Defining Performance Targets

Method established specific targets based on their operational needs:

  • Error Rate: Around 9% was acceptable, as additional plausible checks were performed after the model output [11:50:00].
  • Latency: A hard latency cutoff was necessary due to the real-time nature of their agent [12:06:00].
  • Cost: Critical due to the very high volume of transactions [12:40:00].

The Need for Fine-Tuning

Neither GPT-4 nor O3 mini met all three requirements simultaneously [13:05:00]. GPT-4 struggled with error rate and cost, while O3 mini failed on cost and especially latency [13:16:00].

This indicated the need for fine-tuning, which is a powerful tool requiring more engineering investment than prompt engineering, but necessary when off-the-shelf models don’t meet production reliability numbers [13:48:00].

Fine-Tuning Results with OpenPipe

OpenPipe fine-tuned an 8 billion parameter LL 3.1 model, which often suffices for the majority of their customers [15:12:00].

MetricFine-Tuned Model
Error RateSignificantly better than GPT-4, below 9% threshold [14:28:00]
LatencyMuch lower due to smaller model, can be further reduced by colocation [15:34:00]
CostMuch lower, exceeding cost thresholds for viability [16:02:00]

Fine-tuning enabled Method to bend the price-performance curve significantly [14:18:00]. The process was made easier by using existing production data from GPT-4 to generate training data [14:45:00].

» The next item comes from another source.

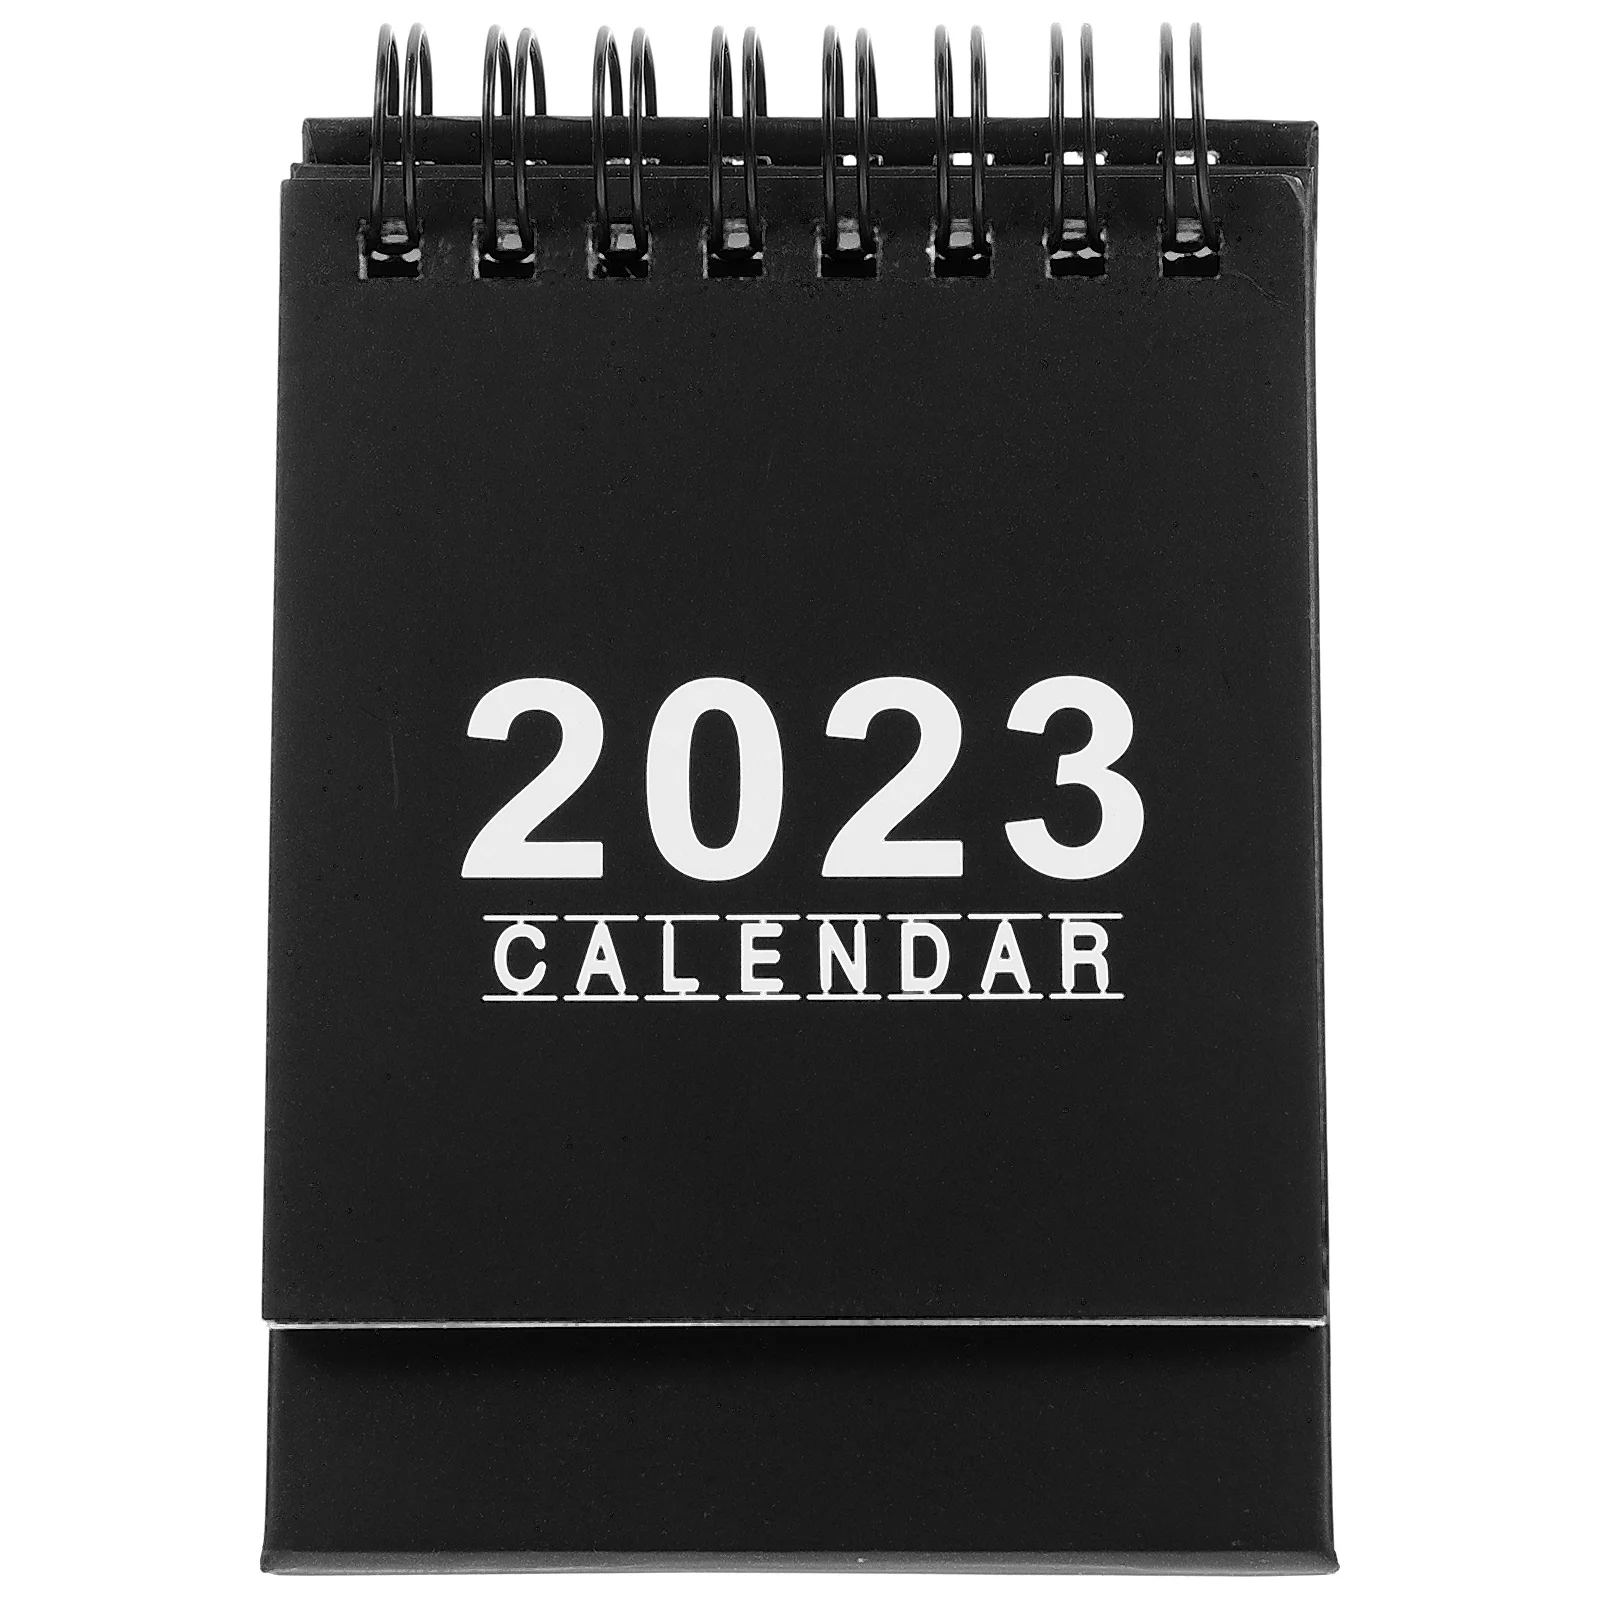 Календарь, рабочий стол, планшетофон, ежемесячная подставка, офисный стол 2023, ежедневный календарь, календарь, кролик

Key Takeaways for Productionizing AI Agents

  • Simplicity and Cost-Effectiveness: It’s possible to identify a specific use case, fine-tune the cheapest available model, and achieve fast performance without needing to buy own GPUs [17:23:00].
  • Data Availability: Leveraging data already generated by earlier AI models (like GPT in production) can provide valuable training data for fine-tuning [17:30:00].
  • Patience and Openness: Productionizing AI agents requires a level of openness and patience from both engineering and leadership teams [17:47:00]. Unlike traditional code that is expected to “just work” once deployed, AI agents take time to become production-ready and continuously improve [17:57:00]. This marks a shift from traditional software engineering [18:14:00].